- [About this exercise]: Pictures stay out. Everything else in the listing below gets written out exactly.

- [Data segment]:
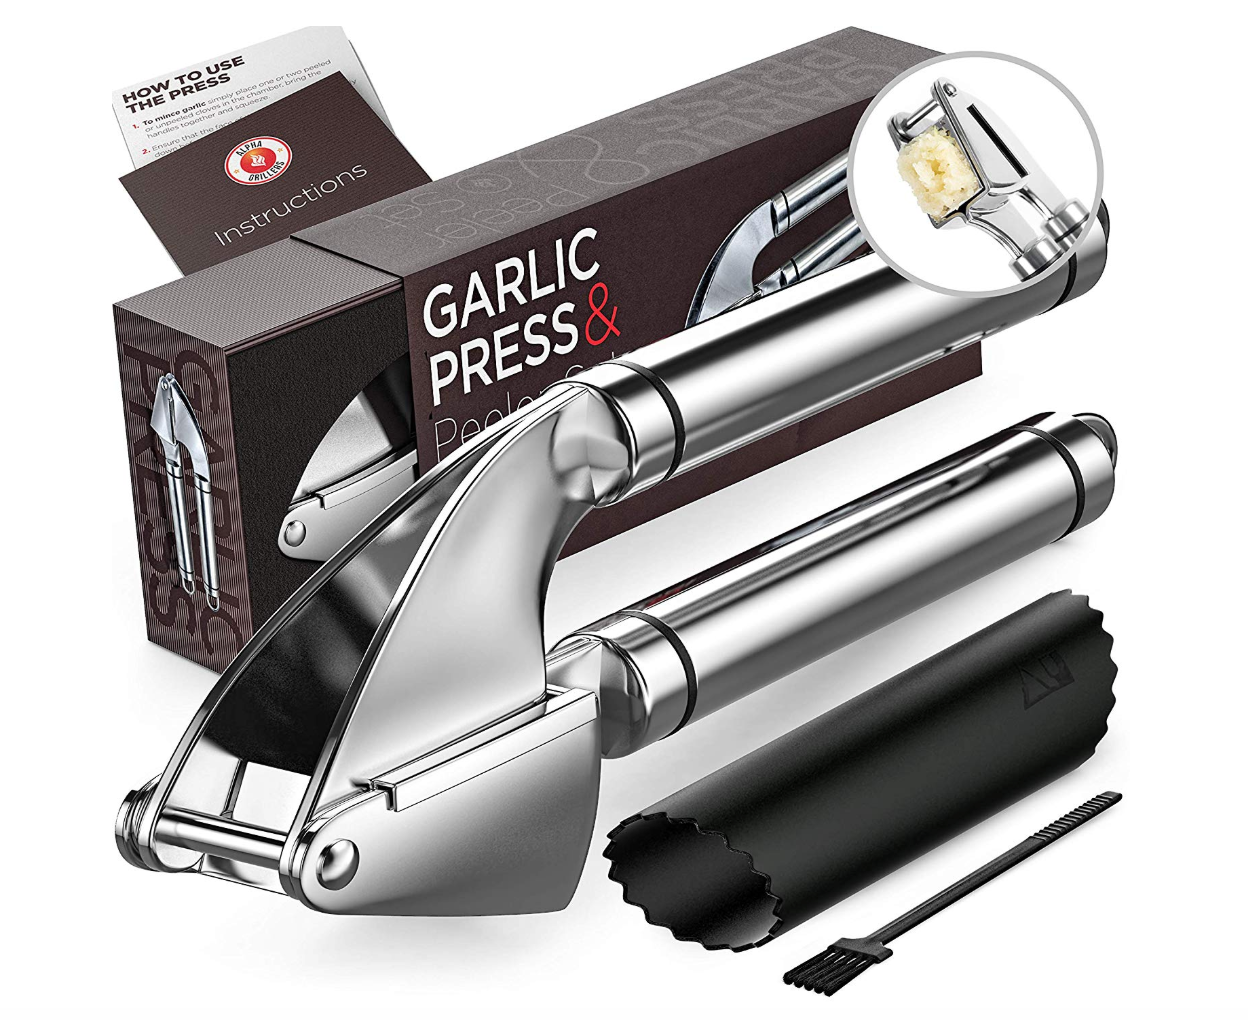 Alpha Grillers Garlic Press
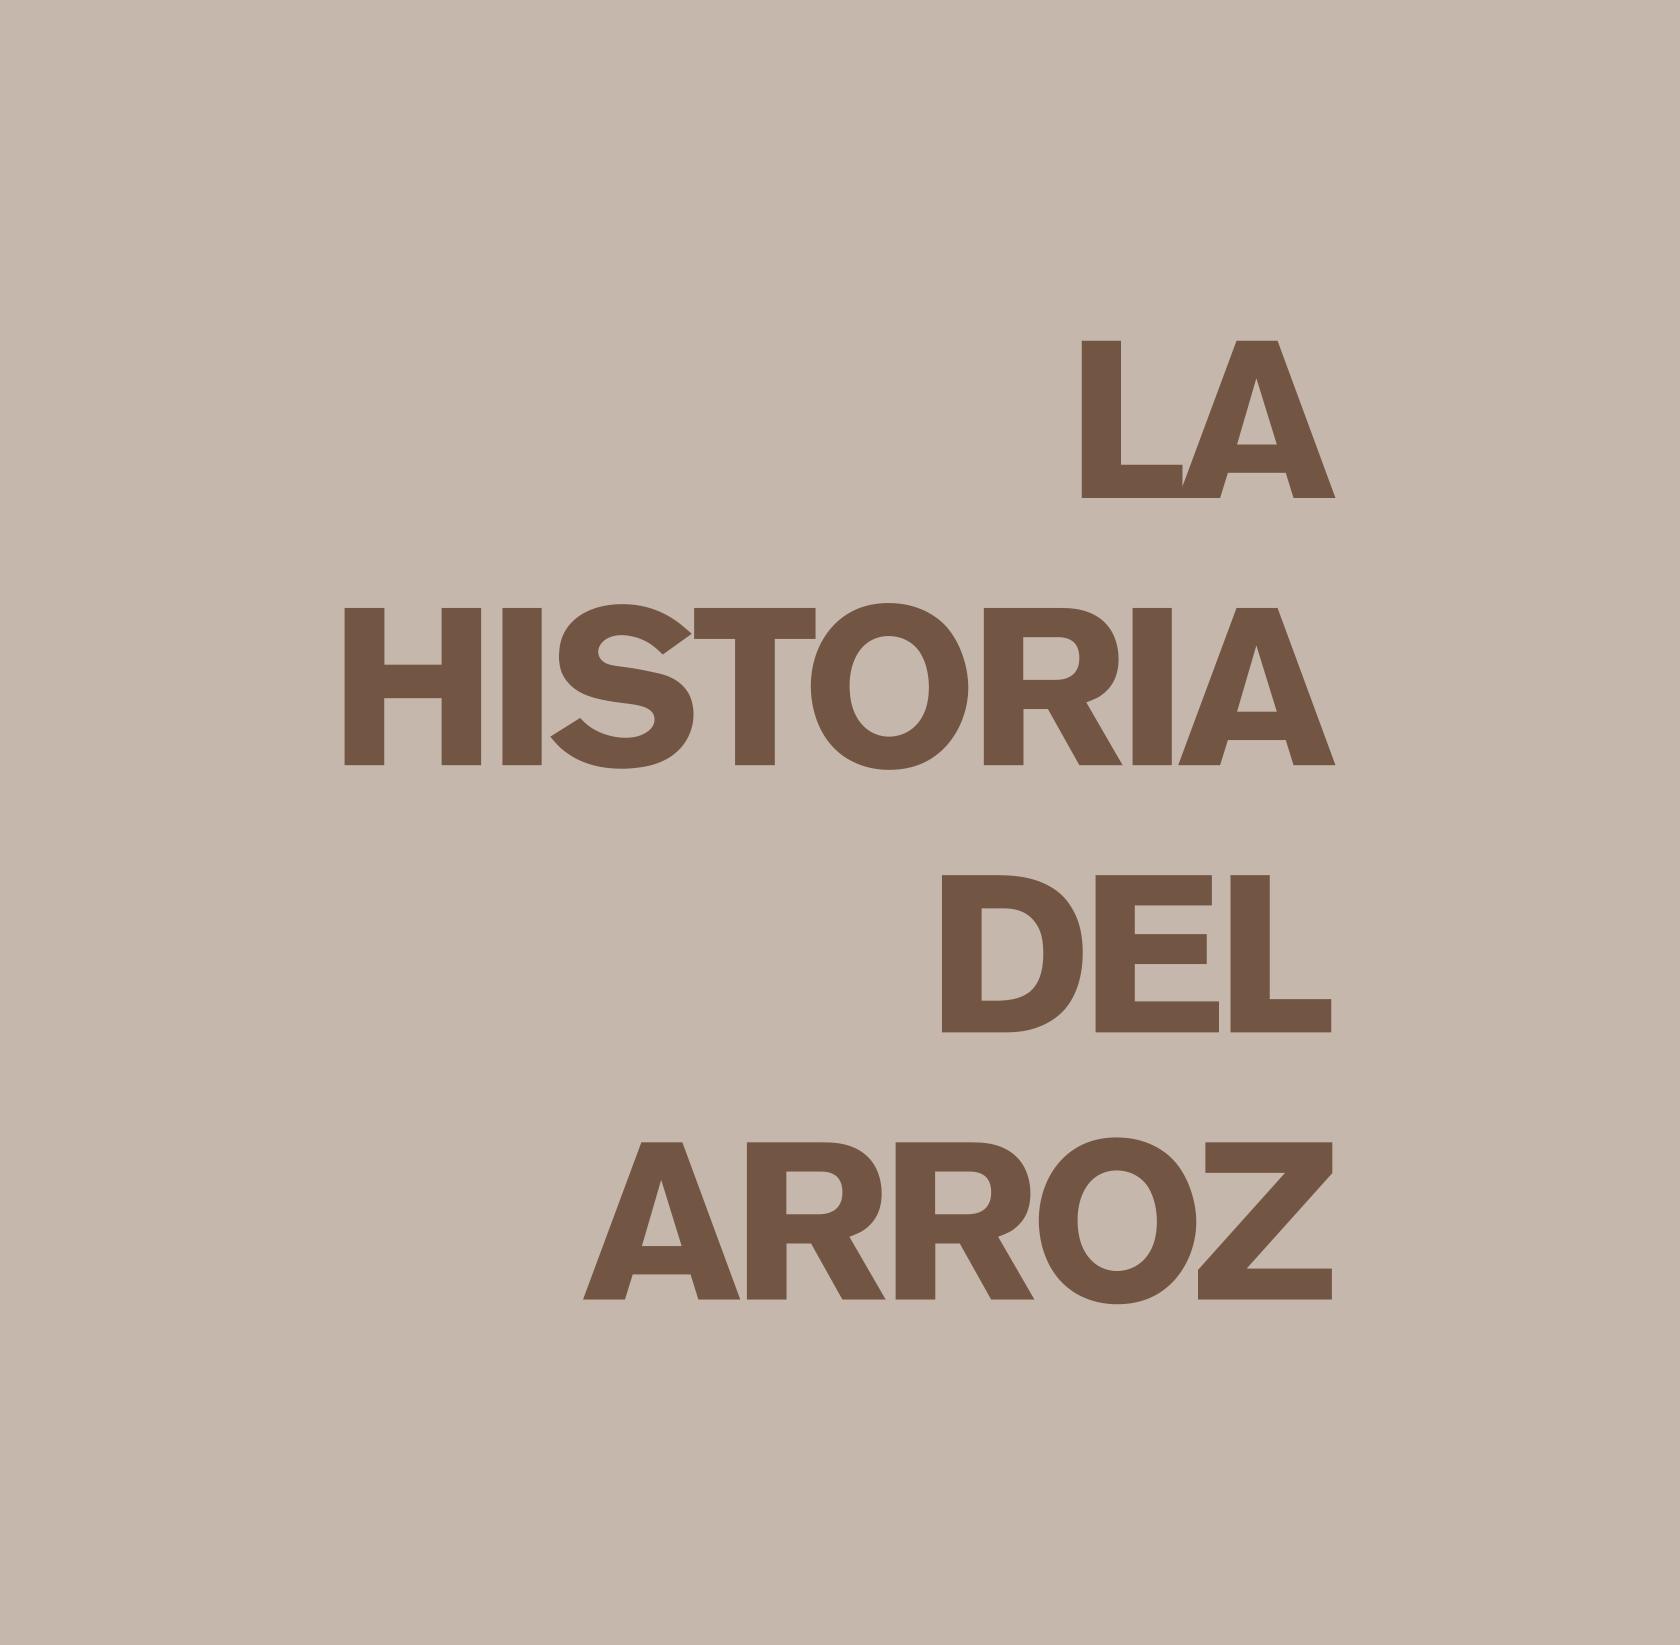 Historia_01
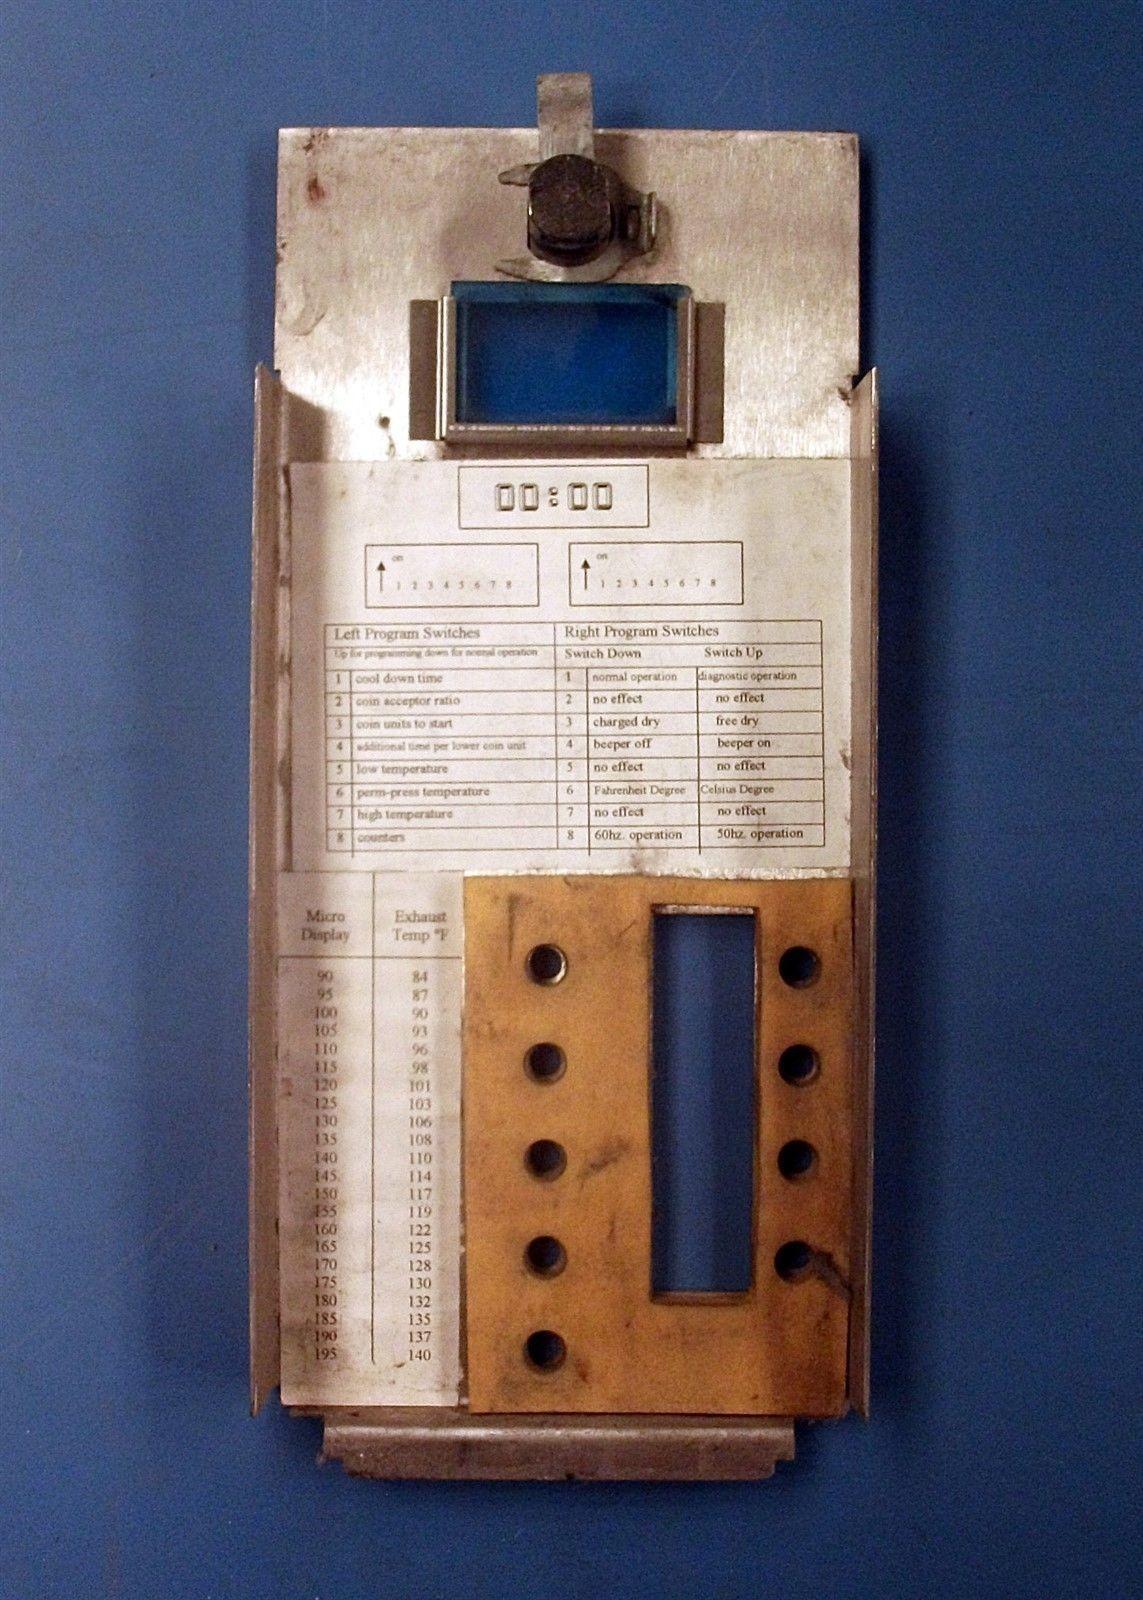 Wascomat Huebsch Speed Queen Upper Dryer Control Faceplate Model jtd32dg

- [Response area]:
 Alpha Grillers Garlic Press
 Historia_01
 Wascomat Huebsch Speed Queen Upper Dryer Control Faceplate Model jtd32dg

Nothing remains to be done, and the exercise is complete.